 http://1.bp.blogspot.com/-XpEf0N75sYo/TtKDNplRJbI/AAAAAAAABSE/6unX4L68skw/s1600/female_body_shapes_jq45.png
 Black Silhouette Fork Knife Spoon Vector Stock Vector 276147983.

---

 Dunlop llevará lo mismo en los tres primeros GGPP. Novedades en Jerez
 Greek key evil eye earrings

> **EXERCISE DESCRIPTION**
Out of the material above, output word for word the line with "Dunlop llevará lo", the line with "Greek key evil eye earrings", and all lines between them, with nothing else.

> **EXPECTED ANSWER**
 Dunlop llevará lo mismo en los tres primeros GGPP. Novedades en Jerez
 Greek key evil eye earrings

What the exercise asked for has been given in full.